Deceleration in Sport
April 21, 2013
Most often when people talk about preparing for a sport, they all look at numbers. How fast can I run? How much weight can I lift? How hard do I throw the ball? Those are all valid questions when we’re talking about sports performance. They are important to note if you are being scouted to play in college or professionally. But a common thing I see left out of training is: how do we stop?
Earlier today I listened to a podcast of an interview with Jerry Shreck, the head strength and conditioning coach at Bucknell University. The discussion’s topic revolved around ACL prevention. I also purchased his “Deceleration Training to Prevent ACL Tears” program and will be digesting that information in the near future. But today we’re going to talk more general terms. I want to talk about all of the eccentric activity that takes place in sports. Why don’t we do a better job of training for that?
First of all, let’s discuss eccentric training. What is it? Eccentric muscle contractions occur when a muscle is working while it lengthens. For example, in a bicep curl the biceps muscle is working concentrically to pull the wrist closer to the shoulder causing a shortening of the biceps muscle fibers. The triceps are doing the opposite in that they are contracting eccentrically as the muscle lengthens which helps to stabilize the elbow joint through the process. When it reverses and the wrist moves away from the shoulder, the biceps are now the muscles working in an eccentric fashion to control the descent.
Training eccentrically has been shown to improve muscle strength so it is important that we work eccentrically in our training as well as contrentically. This will build stronger muscles which will benefit us down the road!
So, let’s go back now to deceleration in sports. I mentioned one example of eccentric activity earlier, but there is a lot of it that happens throughout the course of sporting events. Let’s think about that baseball pitcher trying to throw the ball 90mph. His arm may be able to get up to that speed, but what about stopping? If it’s not a controlled movement then injury will occur. That’s where the musculature of the rotator cuff comes in play. The rotator cuff muscles, namely the infraspinatus and teres minor, are responsible for this deceleration. They will work eccentrically to control the arm through its movement. If they are weak, the humeral head will not stay in place properly and tearing of the muscle or tendons may occur.
Another example is our ACL injury that everybody likes to talk about. So many times an ACL injury is caused by a rapid planting and cutting in which the body simply cannot control itself. One responsibility of the ACL is to control the anterior translation of the tibia on the femur; it needs the hamstrings and glutes to work eccentrically to control that translation as well.

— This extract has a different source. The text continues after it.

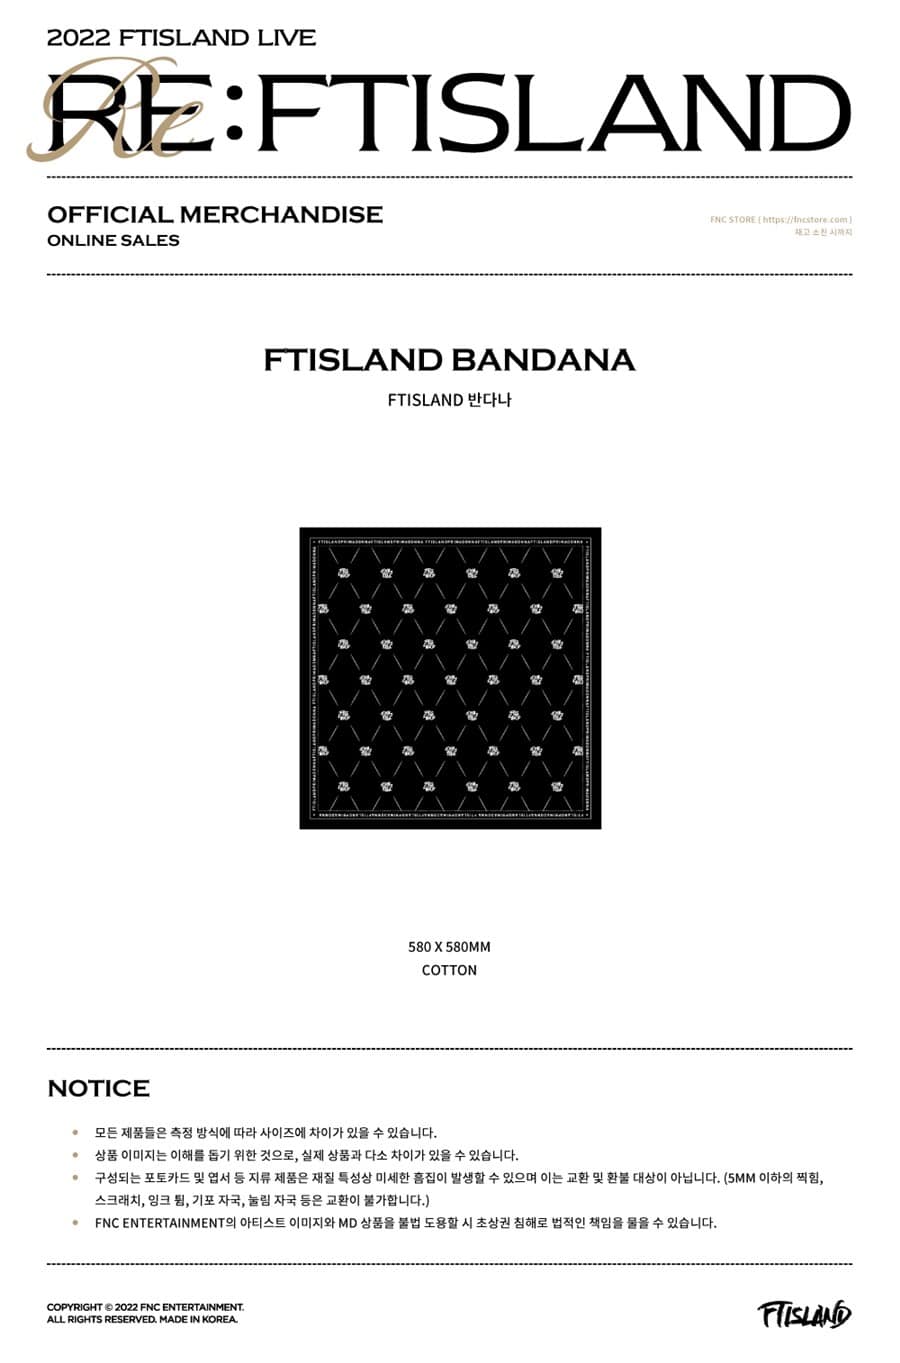 ftisland-live-re-ftisland-official-md-bandana-wholesales

Last example of deceleration and eccentric contractions is one that I’m continually looking at recently due to an abundance of injuries. That is the eccentric nature of the peroneal muscles. From a kinesiology standpoint, the role of the peroneals is to evert the foot. But in a functional viewpoint, the action is an eccentric contraction to control and limit inversion. Inversion is a common mechanism of injury for ankle sprains leading to injury of the lateral ligaments of the ankle. A side effect of ankle sprains can be the tearing of the retinaculum of the which can subsequently lead to chronic subluxation of the peroneal tendons. This can become irritating and/or painful and eventually lead to surgery to repair.
So I provided a few examples of common injuries that can occur when we are not properly prepared for eccentric movements in sport. We want to be able to go faster all the time, but stopping is an afterthought. We must consider stopping more often if we want to prevent athletic injuries.